Culture and Cognition

Since I am new to this blogging business I am trying it out by stating my most fundamental position about culture and cognition which explains my suspicion of much of the work done in this field. Culture and cognition are always inseparably combined. The processes of cognition and history, though analytically different, do not have a separate existence which can be recovered by ANY method whether developed in psychology or anthropology. The idea that one can obtain data that bypasses "culture" and gets to "nature" is futile. That work has to be done through theoretical reflection.

2 Comments

  • Lucien Dontask 22 December 2007 (00:00)

    Surely, in the case of non-human animals, including (in principle if not in practice) ancient human ancestors or neonates, one can study cognition without culture.
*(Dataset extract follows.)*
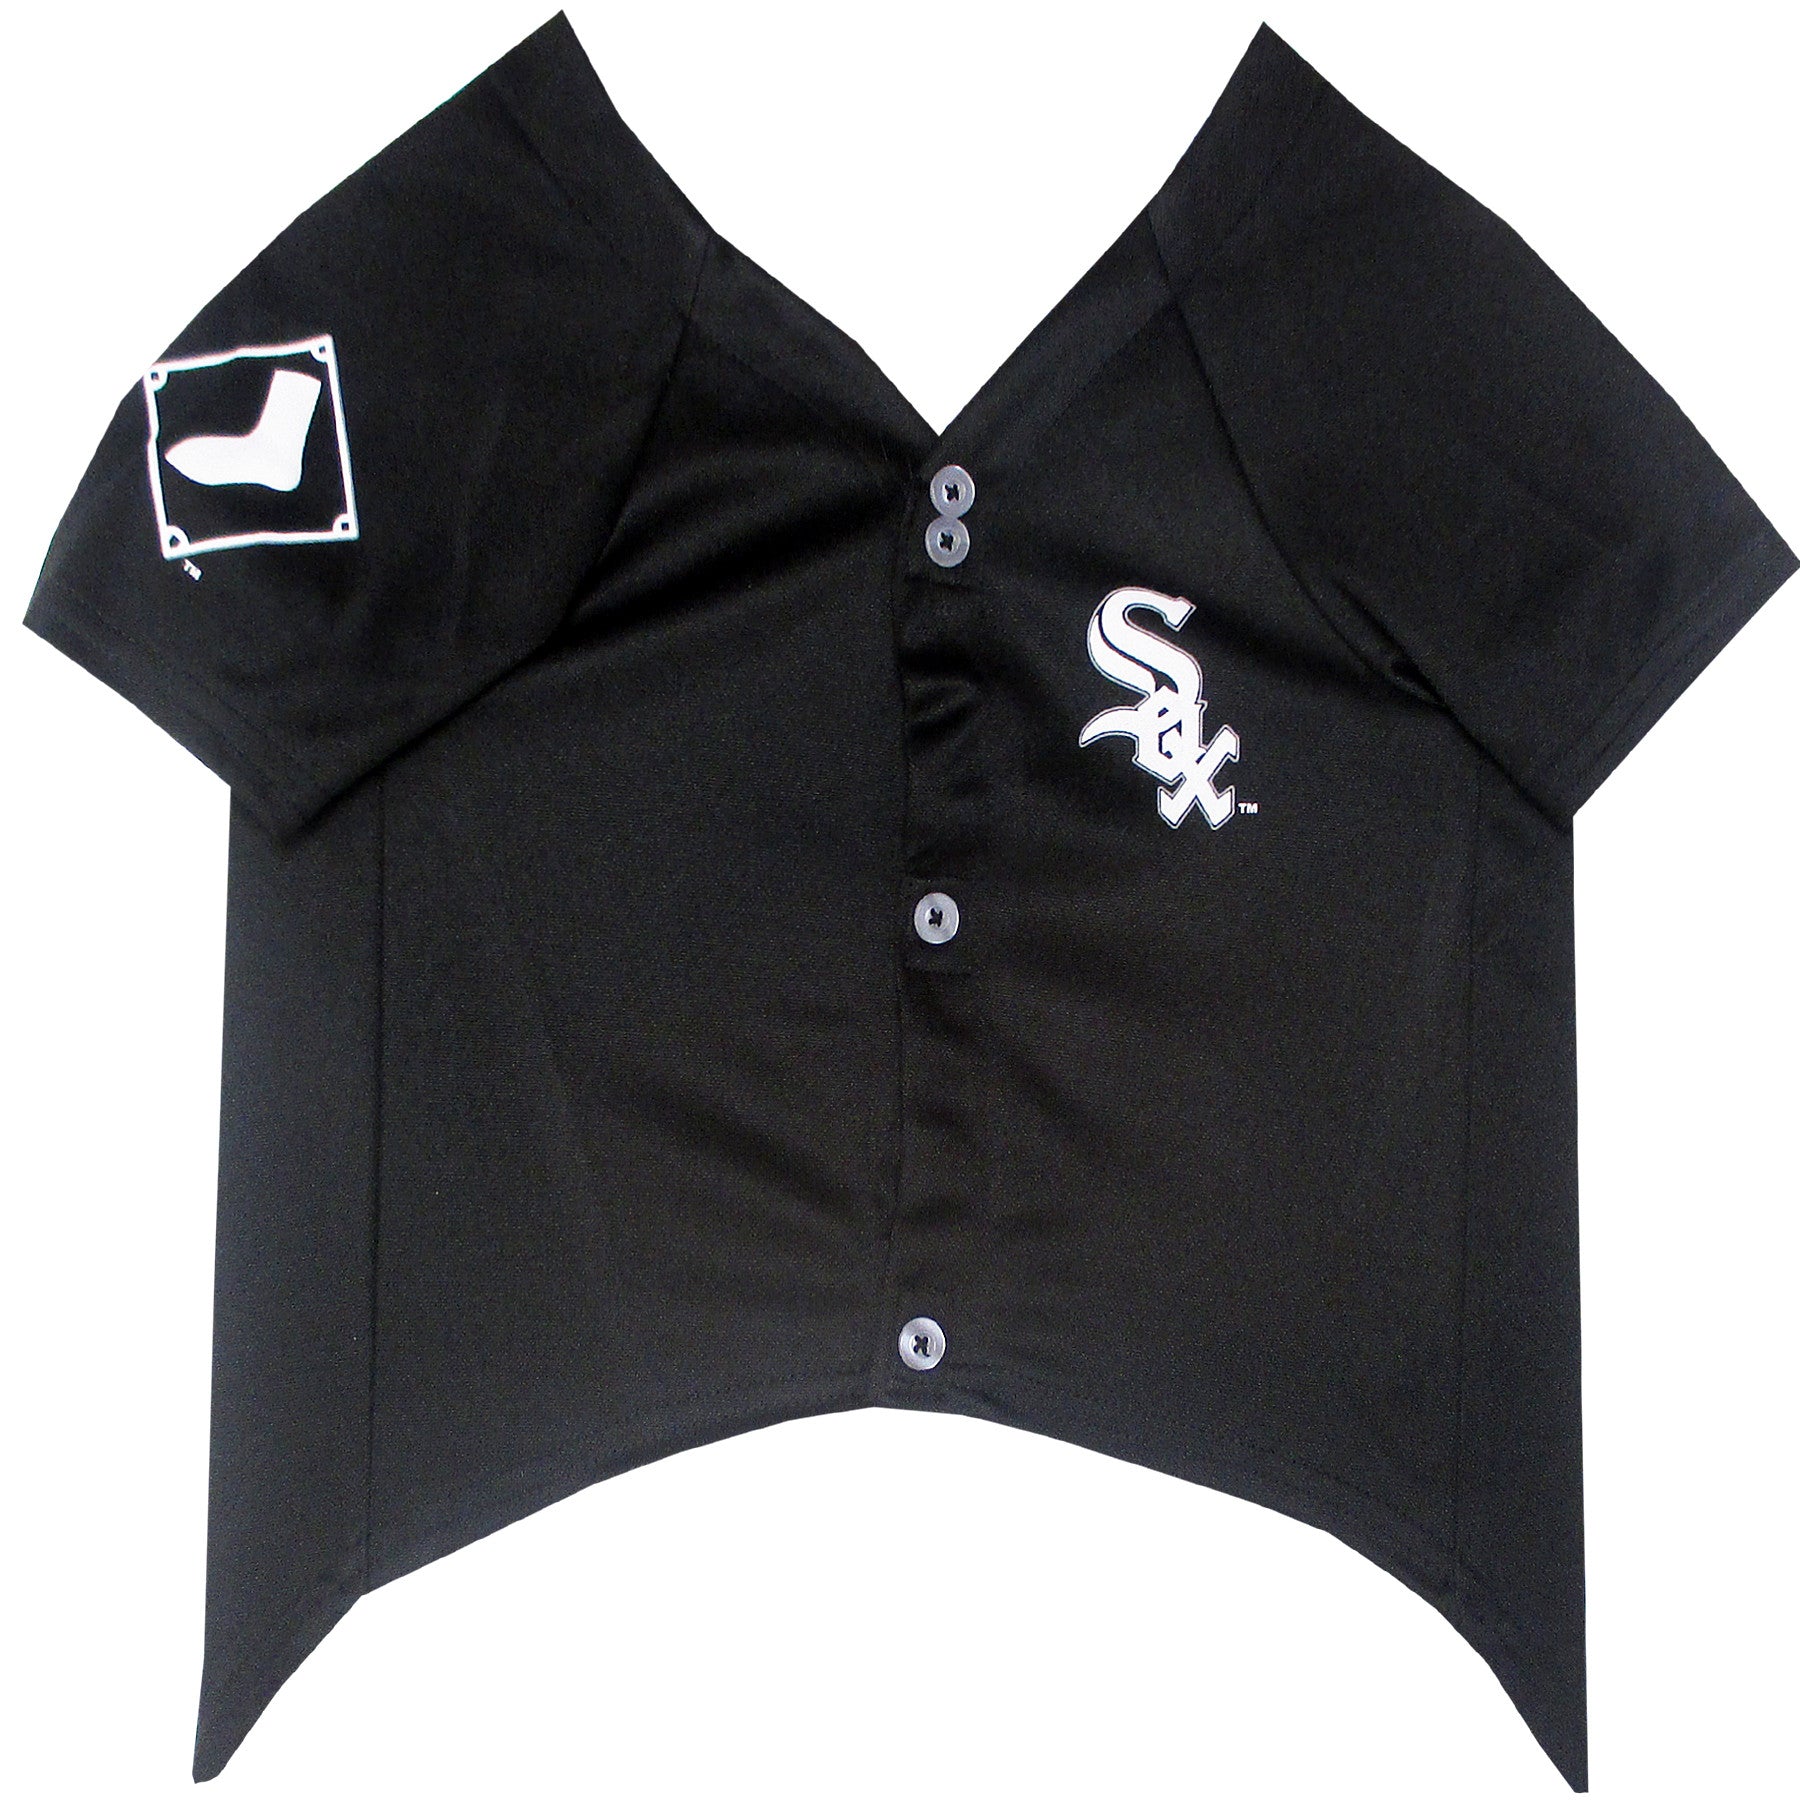 chicago white sox dog jersey

So, is there an age in development or a stage in human evolution beyond which studying cognition without culture is not just incomplete but just wrong?
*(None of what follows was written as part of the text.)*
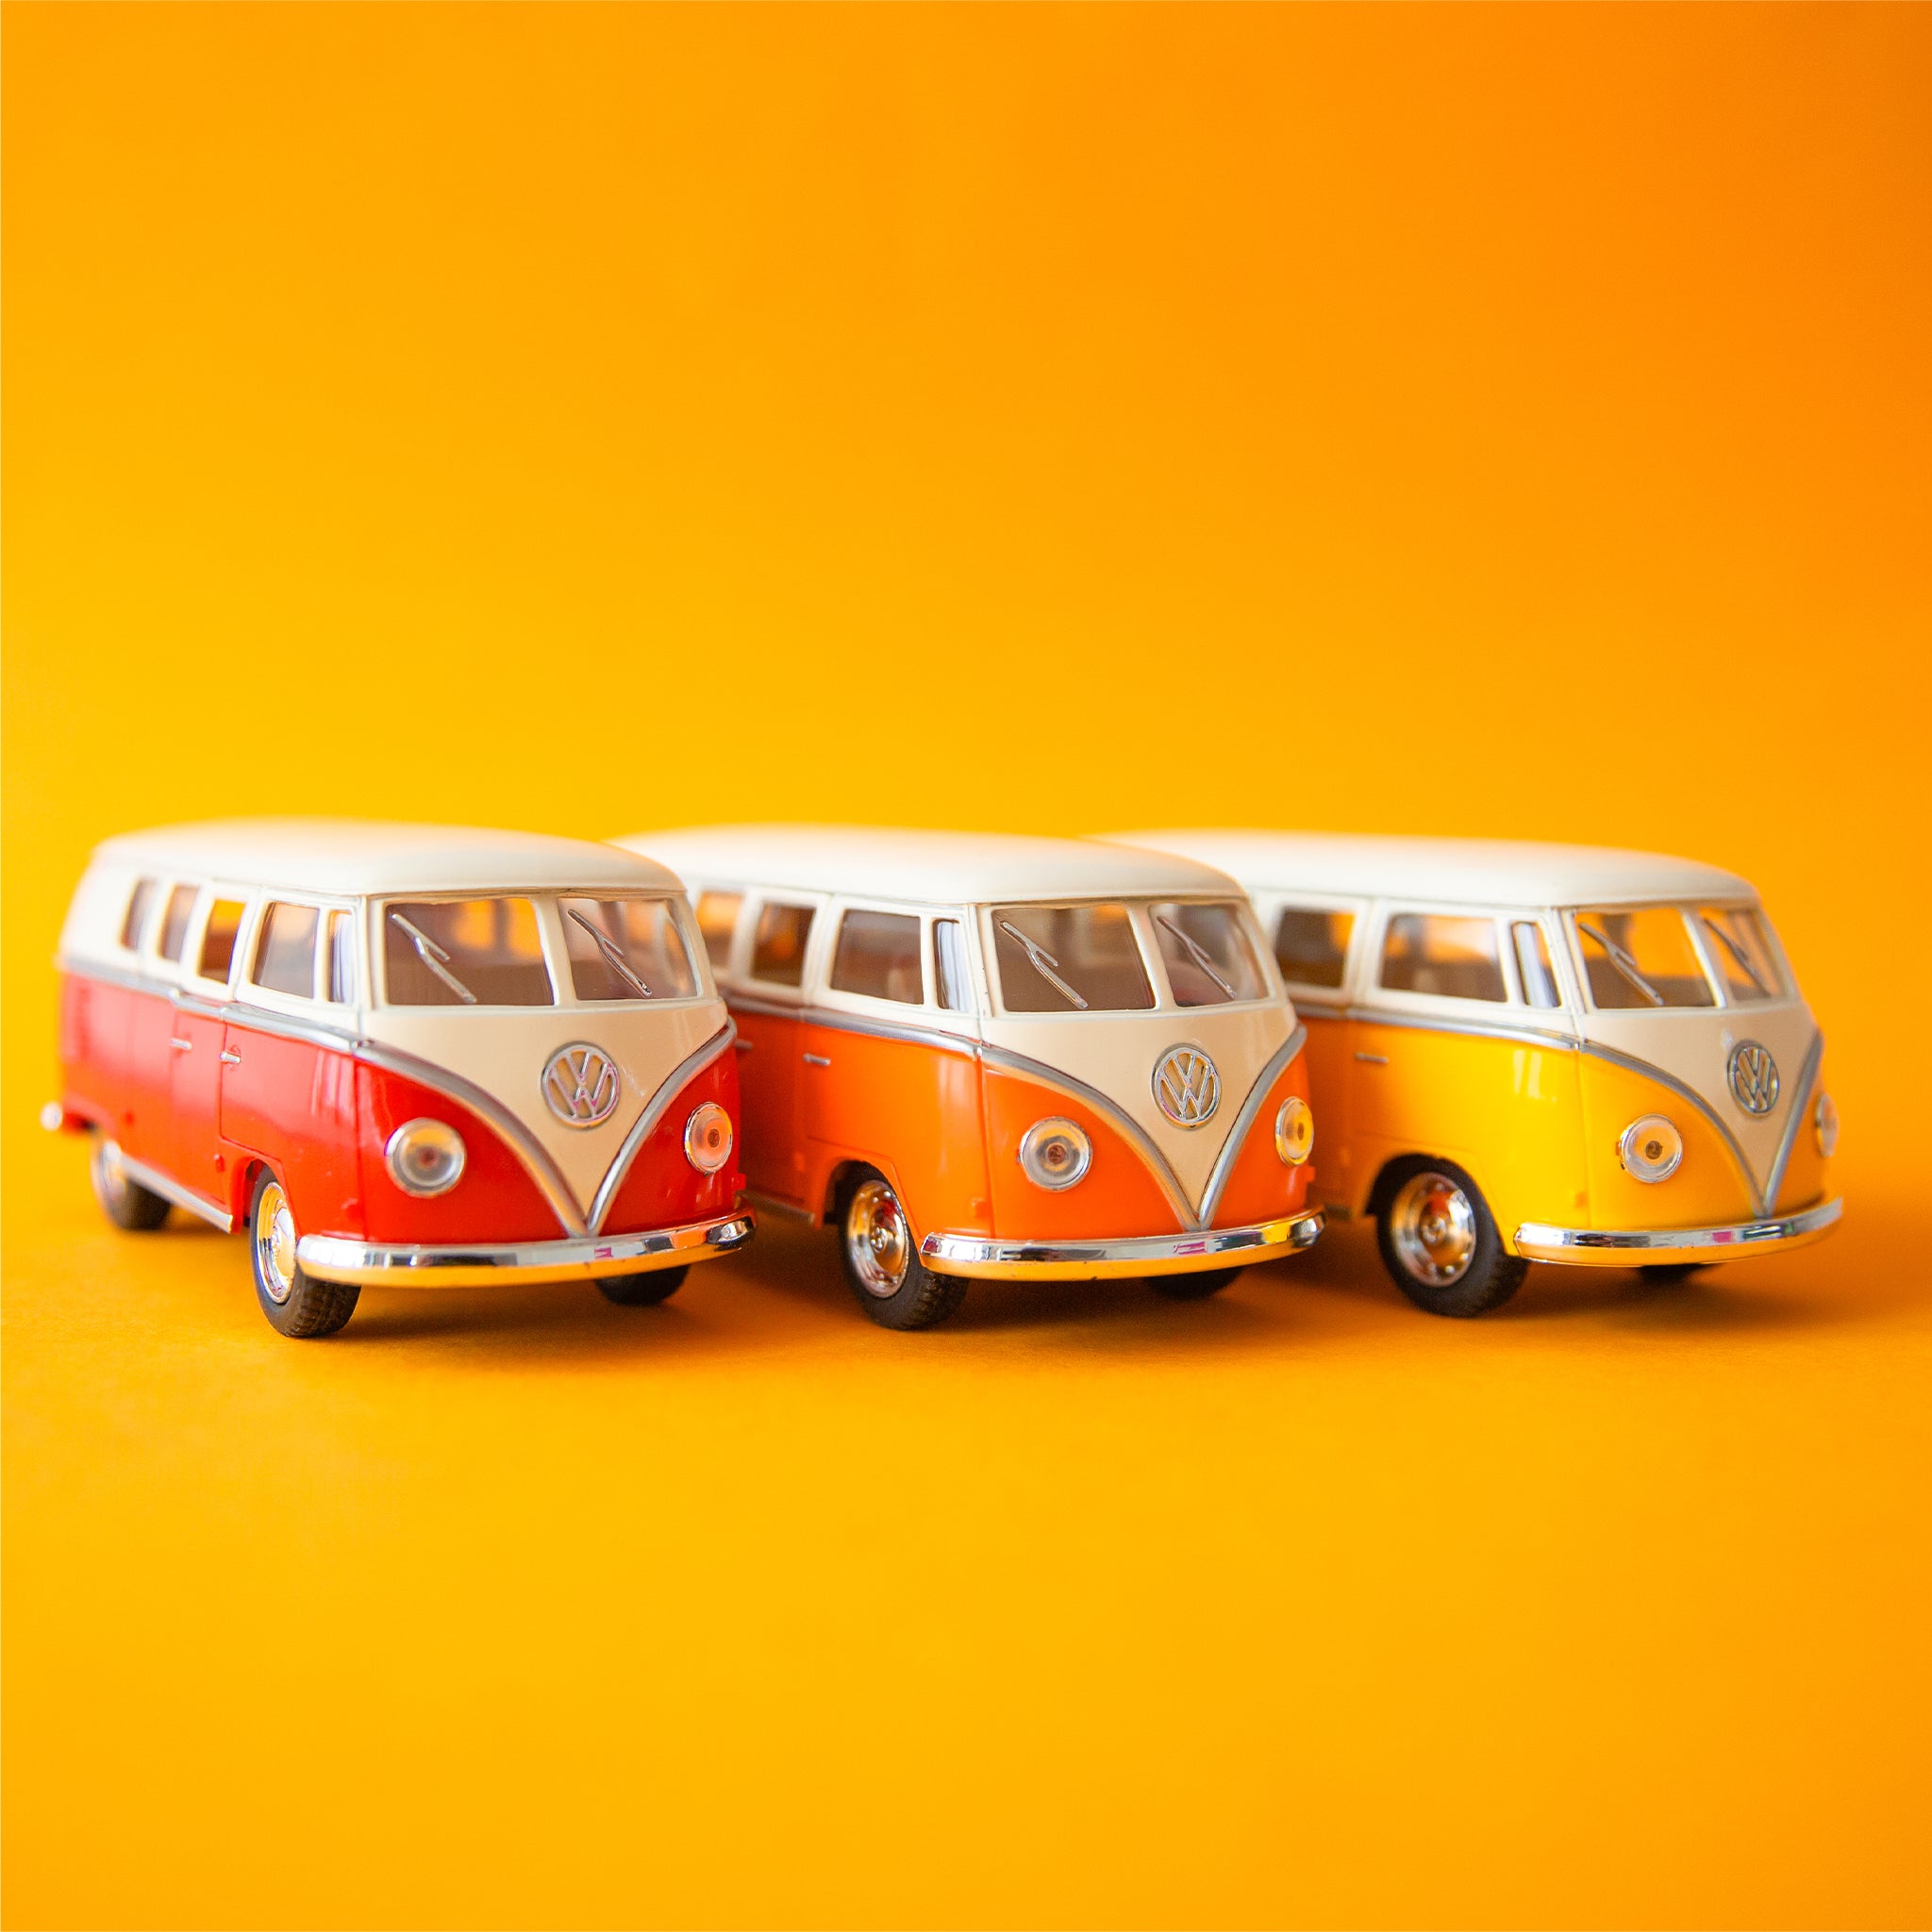 On a yellow background is three volkswagen bus toys in a red shade, an orange and a yellow. Each color sold separately.

  • Lucien Dontask 22 December 2007 (00:00)

    Your point of view can be interpreted in two different ways: 1) There is no way we can distinguish cognition from culture, so we should not even try (quoting you: ”cognition and history, though analytically different, do not have a seperate existence which can be recovered by ANY method”). 2) We should try to disentangle cognition and culture, but only in the armchair. So there is a method by which we can gain access to human nature, but it is not empirical (”That work has to be done through theoretical reflection”). I understand quite well why one would support point of view number 1, but I can’t say I feel the bite of number 2. Which one do you suppport, and, if it is number 2, why is cognition, as opposed to culture and history, accessible to theoretical workers alone?